Problem statement >>
Give every line of the material back exactly, images removed.

Data shown >>
========================================

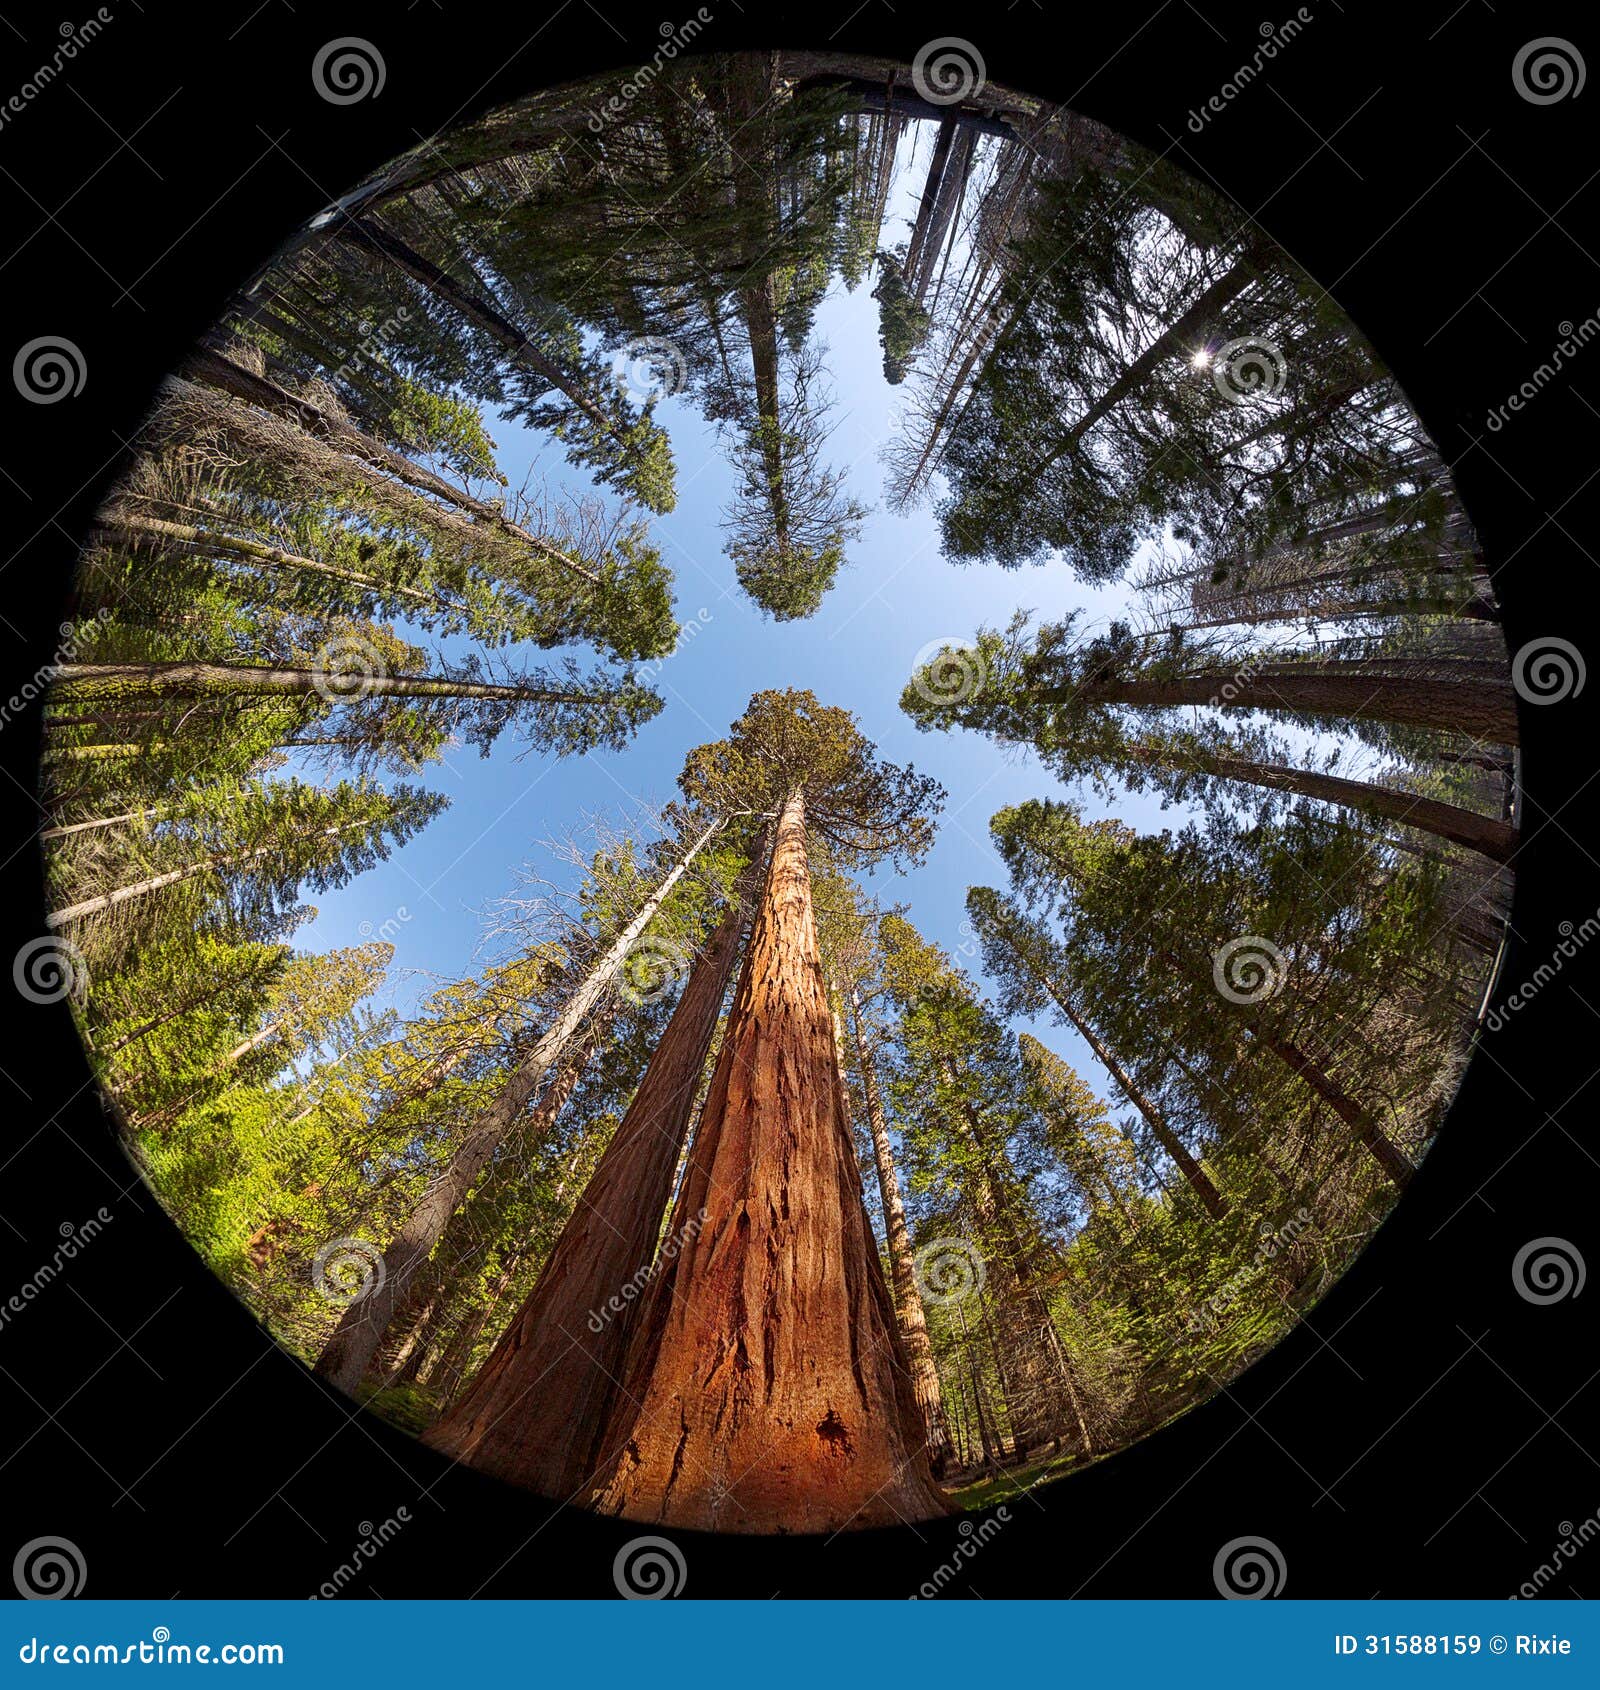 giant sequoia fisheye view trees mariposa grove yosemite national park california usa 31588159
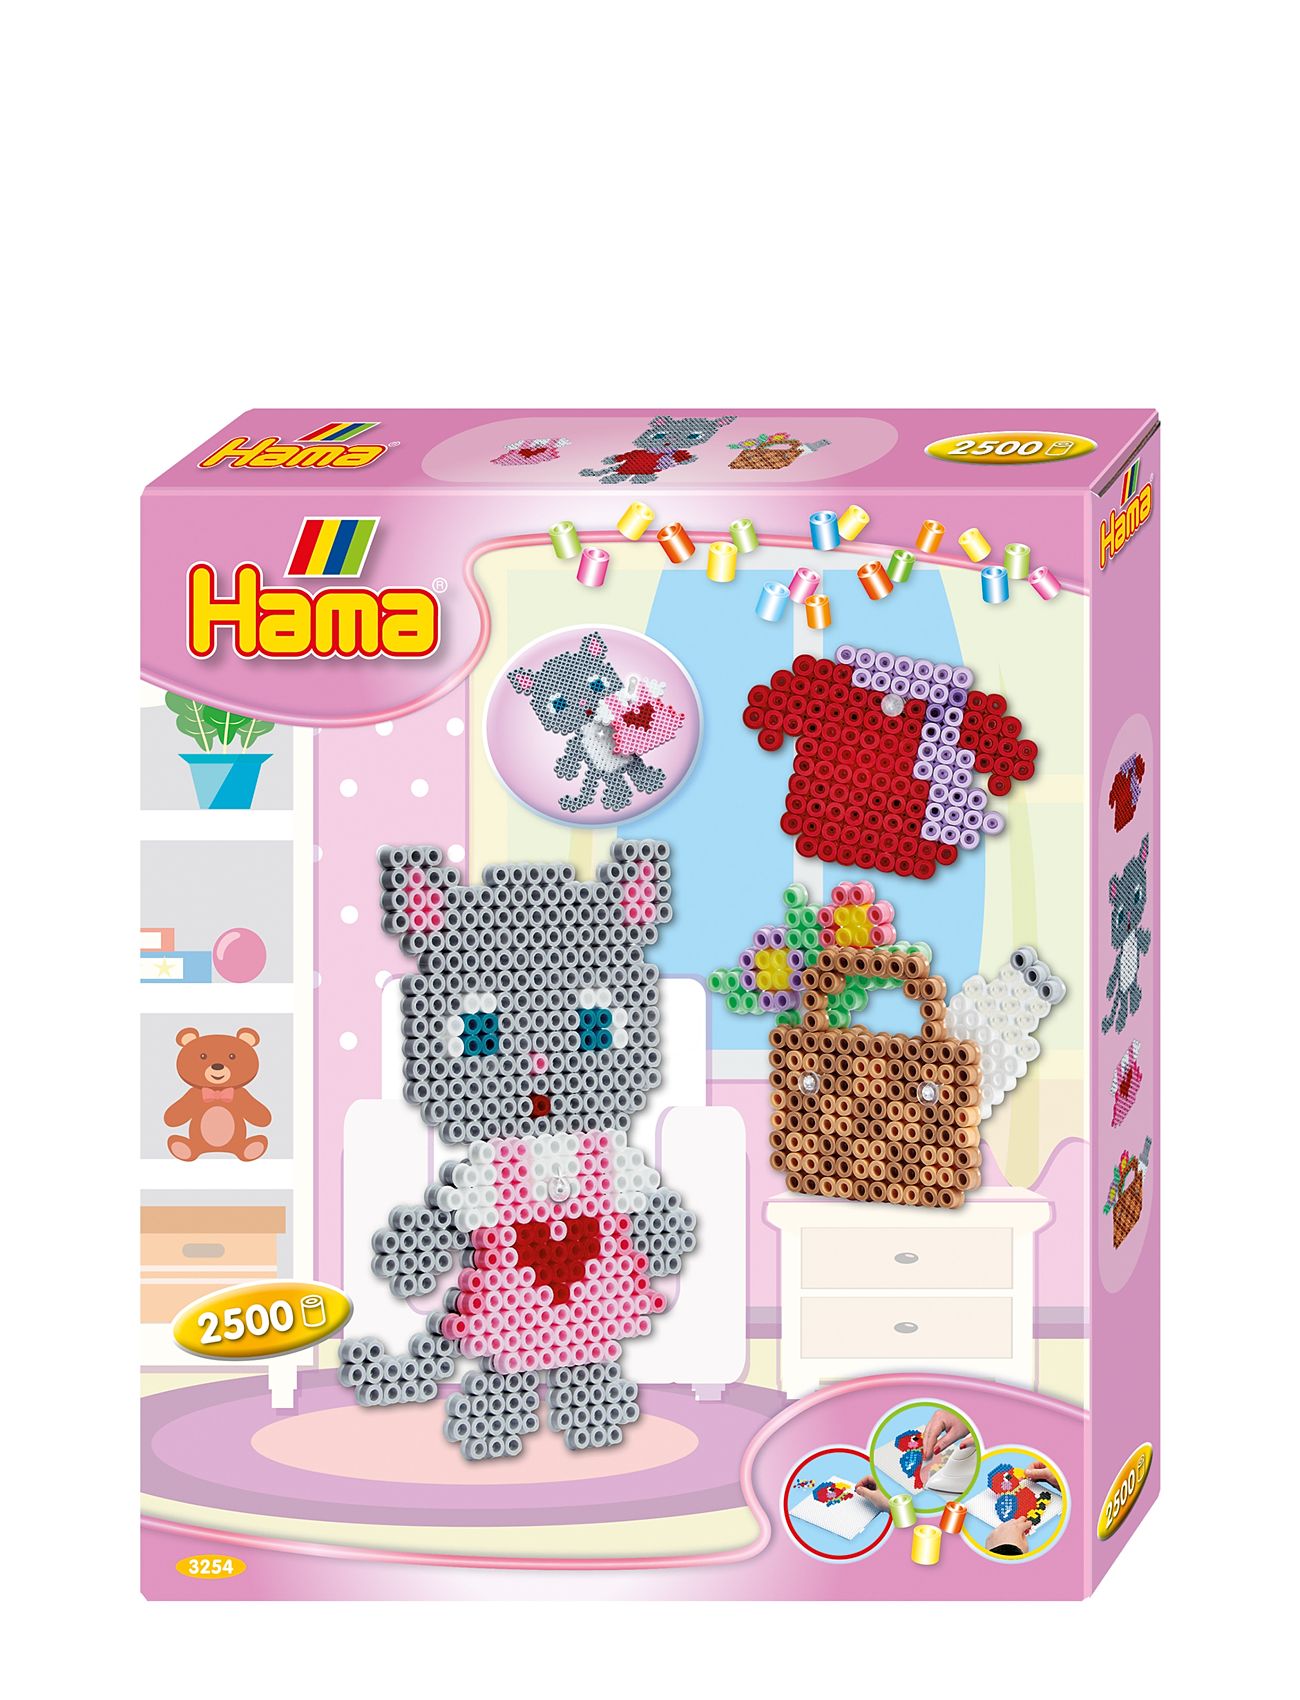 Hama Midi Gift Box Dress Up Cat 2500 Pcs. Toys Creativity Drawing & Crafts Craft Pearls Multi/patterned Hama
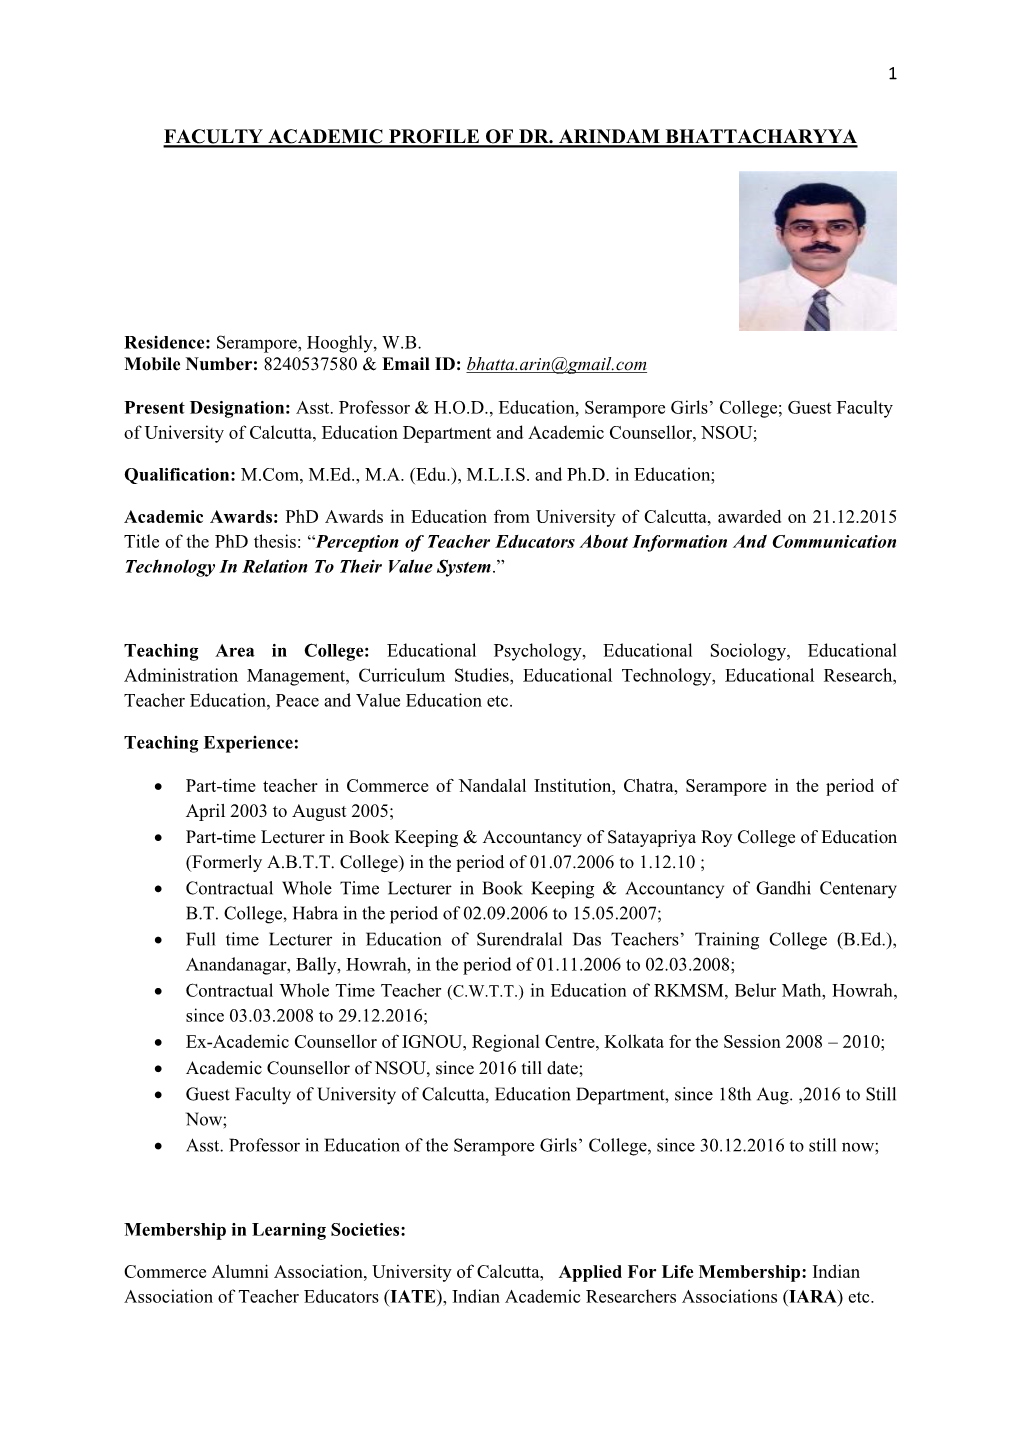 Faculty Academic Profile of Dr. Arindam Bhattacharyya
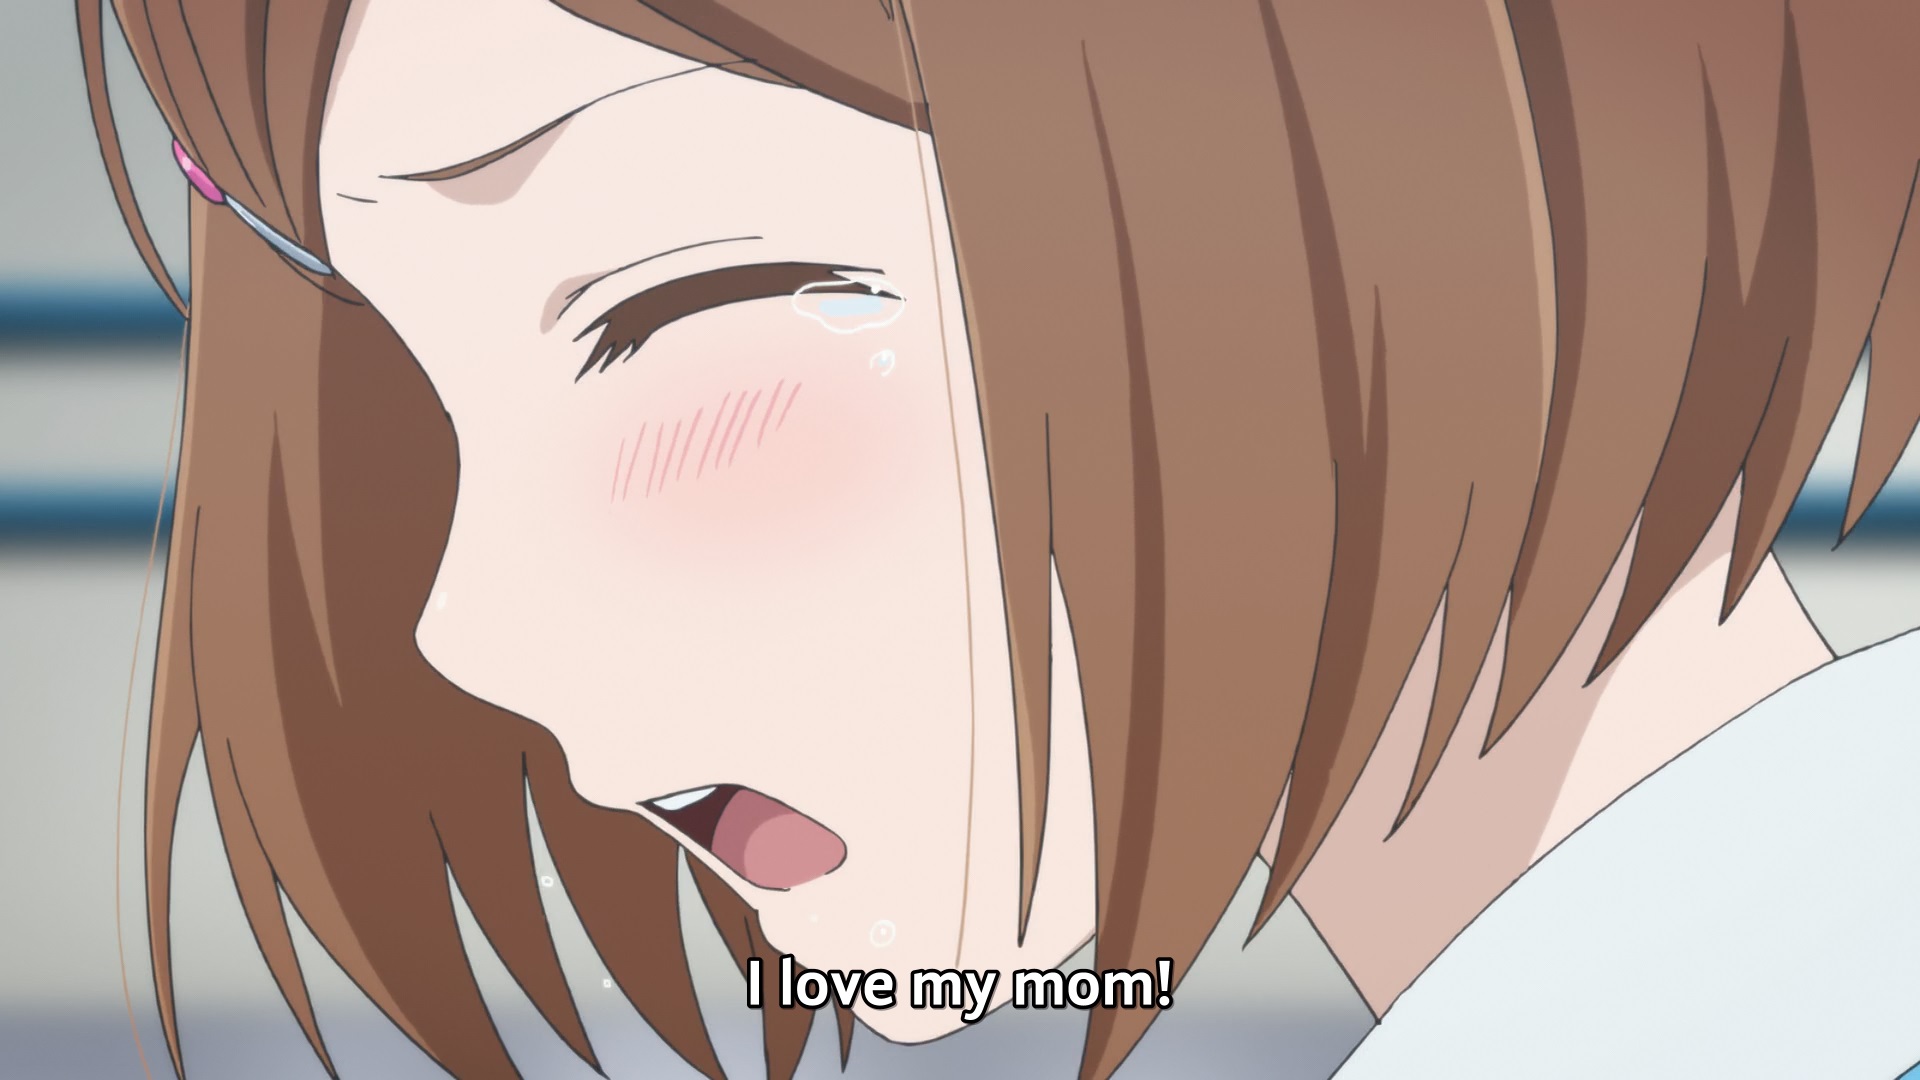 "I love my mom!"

========================================

Answer section >>
 giant sequoia fisheye view trees mariposa grove yosemite national park california usa 31588159
 Hama Midi Gift Box Dress Up Cat 2500 Pcs. Toys Creativity Drawing & Crafts Craft Pearls Multi/patterned Hama
 Faculty Academic Profile of Dr. Arindam Bhattacharyya
 "I love my mom!"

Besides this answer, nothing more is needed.